What’s new in wireless bridging?

Opinion
Aug 04, 20032 mins
Cellular NetworksNetwork SecurityWi-Fi

* Industry eyes 802.11j as WLAN bridge standard

Wireless LAN bridges have long been available as an attractive internetworking option.  For example, over-the-air, multimegabit-speed LAN-to-LAN connections are appealing for linking sites within a metropolitan area. You avoid digging up the environment to run cabling or paying monthly recurring service provider fees.

Bridges also are a strong option for connecting temporary work locations – such as construction sites – that must communicate to a data center. The devices can reach distances of 20 miles or more, depending on geography and type of antenna used.

There are wireless bridges that operate in licensed and unlicensed bands. Those in the licensed band are usually considered less prone to interference, because having to get and pay for a license weeds out many network operators.

However, inexpensive 802.11b-based (11M bit/sec, 2.4 GHz) bridges and, more recently, 802.11a (54M bit/sec, 5 GHz) bridges have become available in the unlicensed bands. Witness, for example, Cisco’s announcement of its $5K, 802.11a-based bridge, the Aironet 1400 Series, in June. At this juncture, the 5 GHz band is still fairly virgin territory and should be resilient to interference.

There is one primary differentiator between an 802.11a-based wireless bridge and an 802.11a wireless LAN access point: To be useful, wireless bridges must transmit much farther than 300-foot WLANs, a capability requiring an adjustment to the MAC layer of the 802.11 standard.

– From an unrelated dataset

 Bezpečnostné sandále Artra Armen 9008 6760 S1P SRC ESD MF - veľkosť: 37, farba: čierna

To date, each supplier has developed a unique way to extend the window of time before the transmitting bridge requires an acknowledgement receipt from the receiving bridge, thus enabling longer-distance transmissions. Now the industry is considering the emerging 802.11j standard as a common way to support the longer distances.

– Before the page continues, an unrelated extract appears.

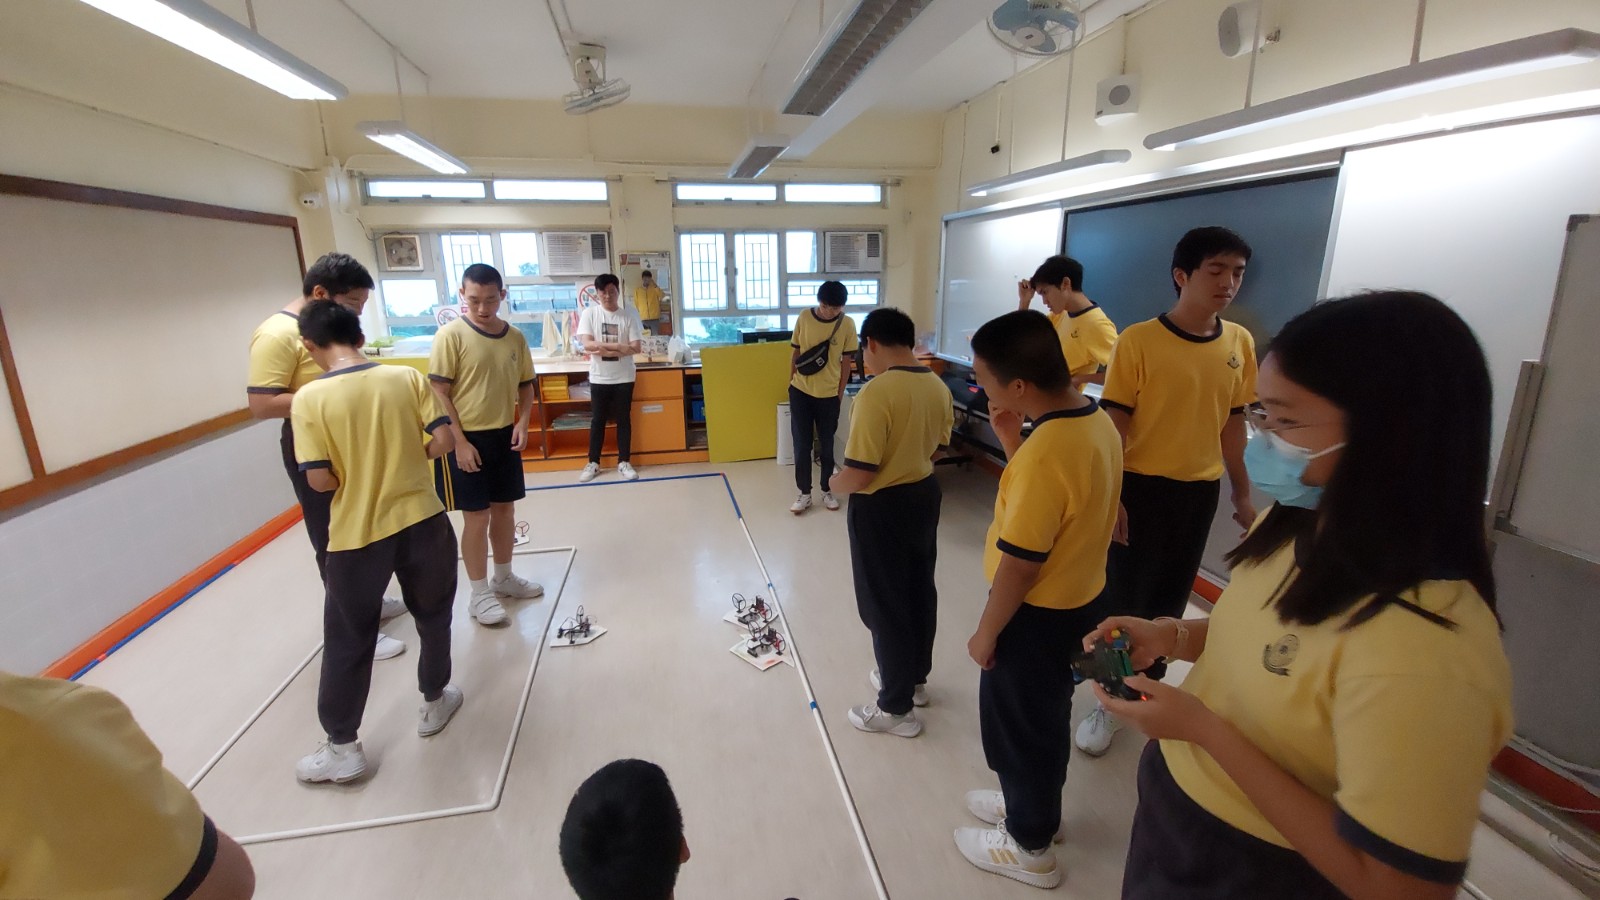 氣墊船學生培訓課程 - 東華三院徐展堂學校

802.11j is the Japanese flavor of North America’s 802.11a, the 54M bit/sec, Orthogonal Frequency Division Multiplexing (OFDM)-based IEEE standard. The standard is being tweaked to work in the 4.9-5.0 GHz frequency assigned to high-speed WLANs in Japan.

The window adjustment to the MAC in 802.11j is likely to be standardized in Japan for metro-area bridging, say IEEE aficionados, and will probably also become an industry standard for worldwide 802.11-based bridges.